REQUIREMENT:
The entire listing, reproduced exactly and stripped of images, is the expected output.

INFORMATION SUPPLIED:
**********

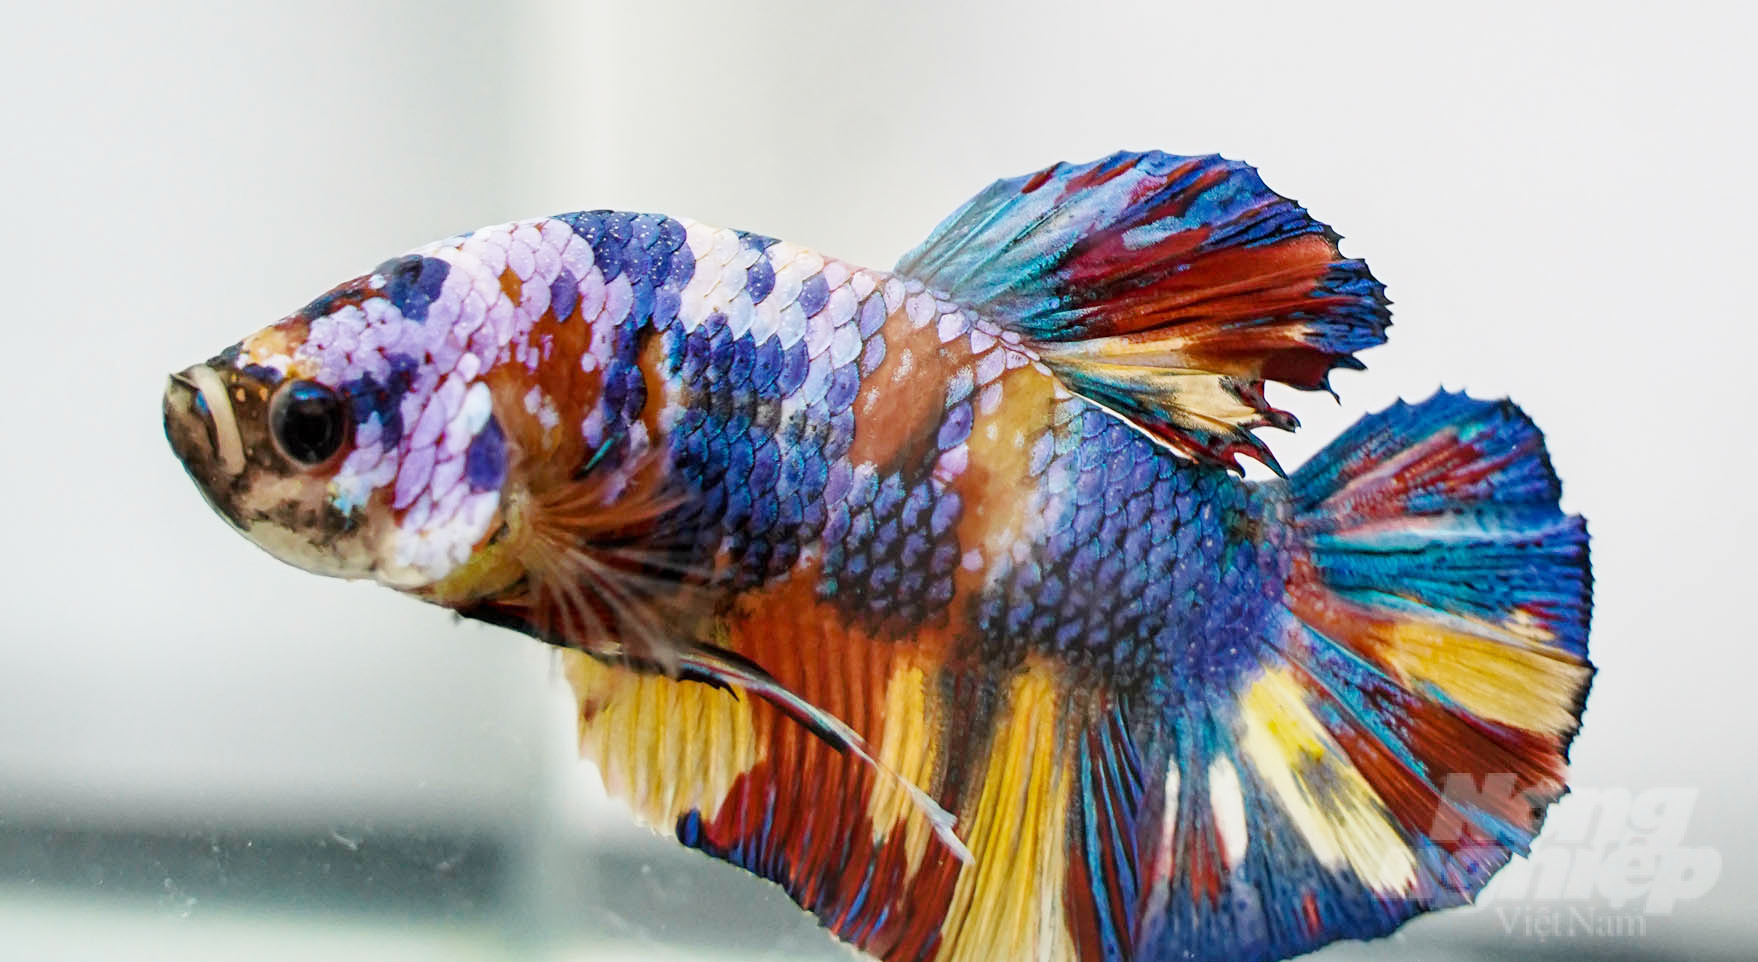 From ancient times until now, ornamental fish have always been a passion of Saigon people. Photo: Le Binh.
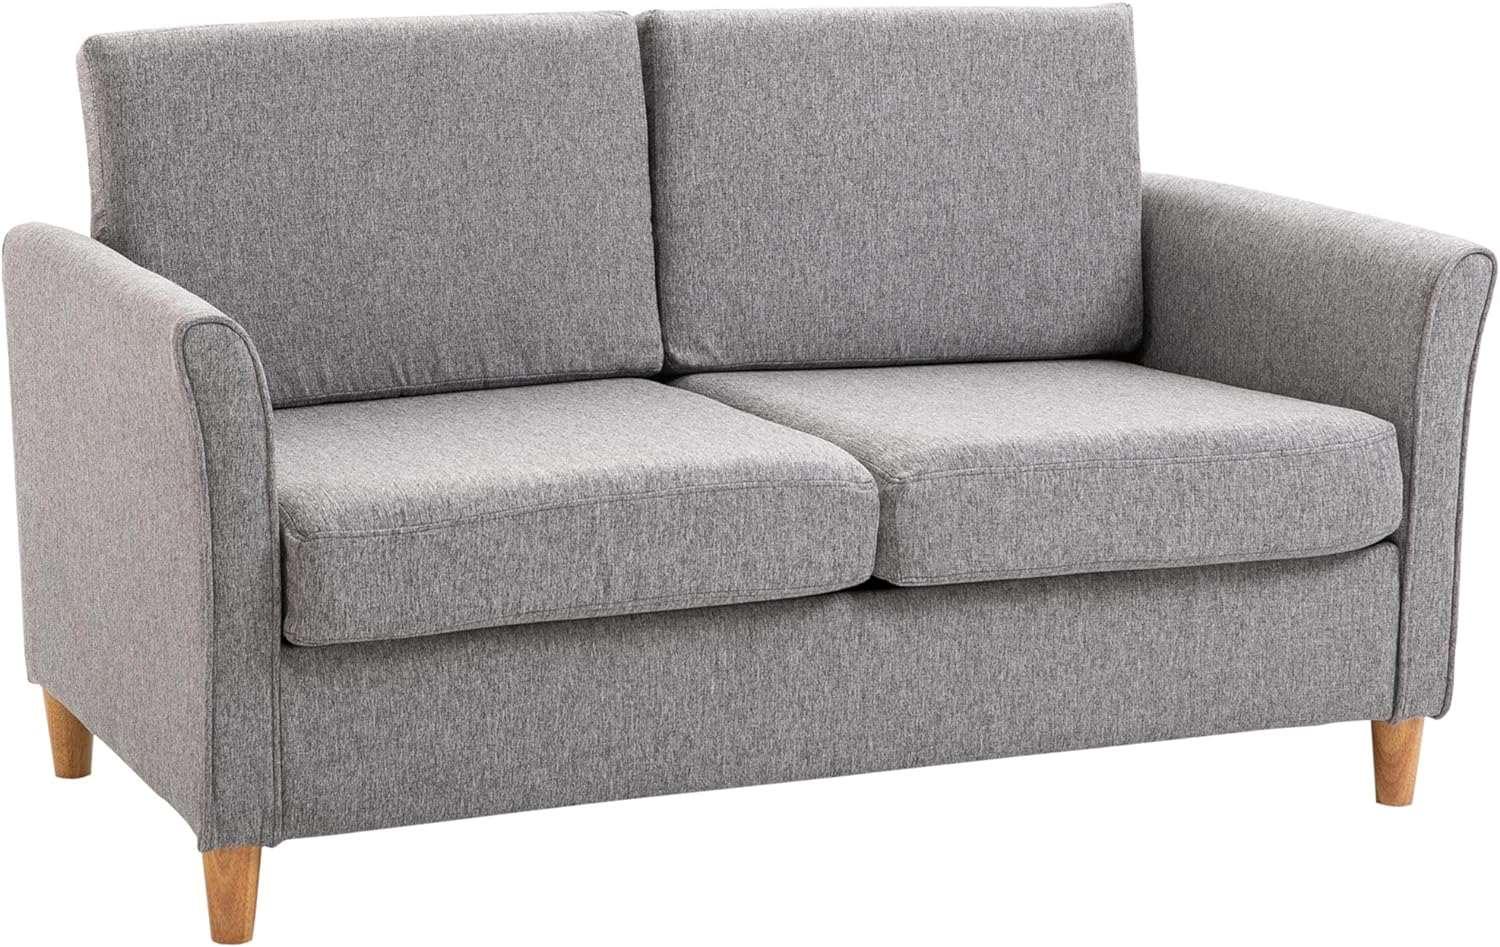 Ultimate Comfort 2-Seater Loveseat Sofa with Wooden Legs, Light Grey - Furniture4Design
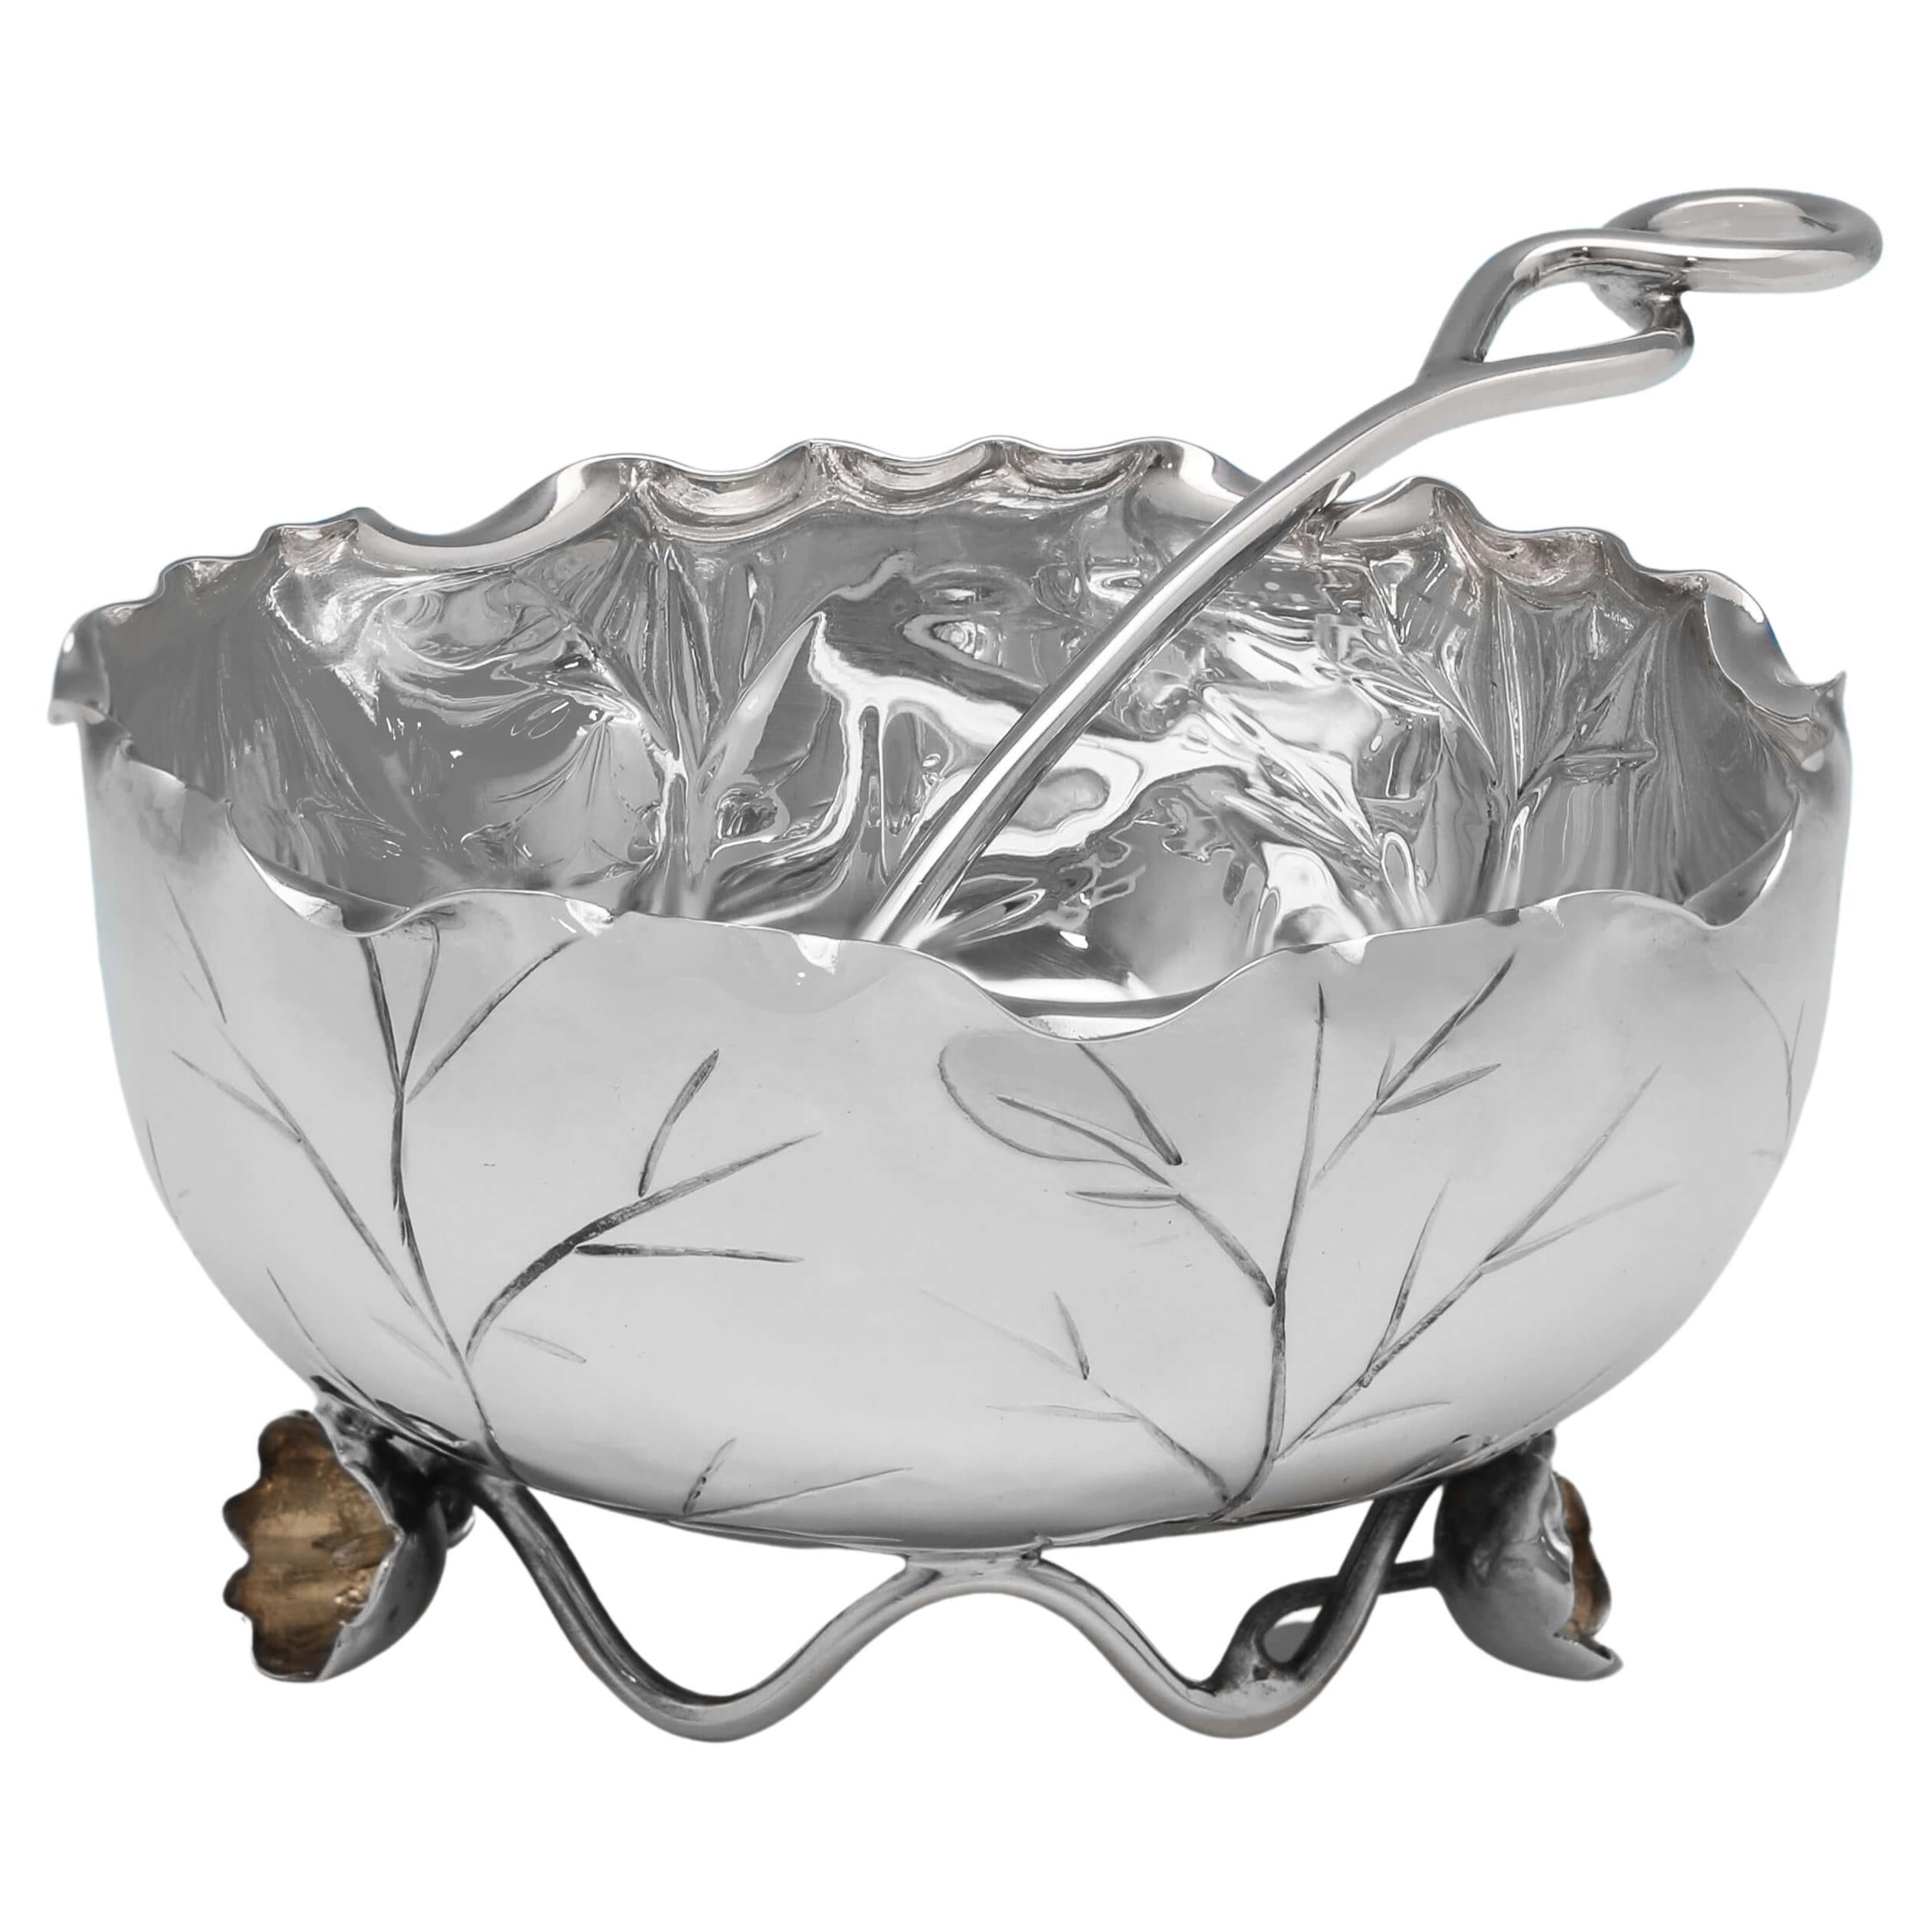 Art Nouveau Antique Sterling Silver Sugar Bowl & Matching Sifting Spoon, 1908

**********

TASK RESPONSE:
 From ancient times until now, ornamental fish have always been a passion of Saigon people. Photo: Le Binh.
 Ultimate Comfort 2-Seater Loveseat Sofa with Wooden Legs, Light Grey - Furniture4Design
 Art Nouveau Antique Sterling Silver Sugar Bowl & Matching Sifting Spoon, 1908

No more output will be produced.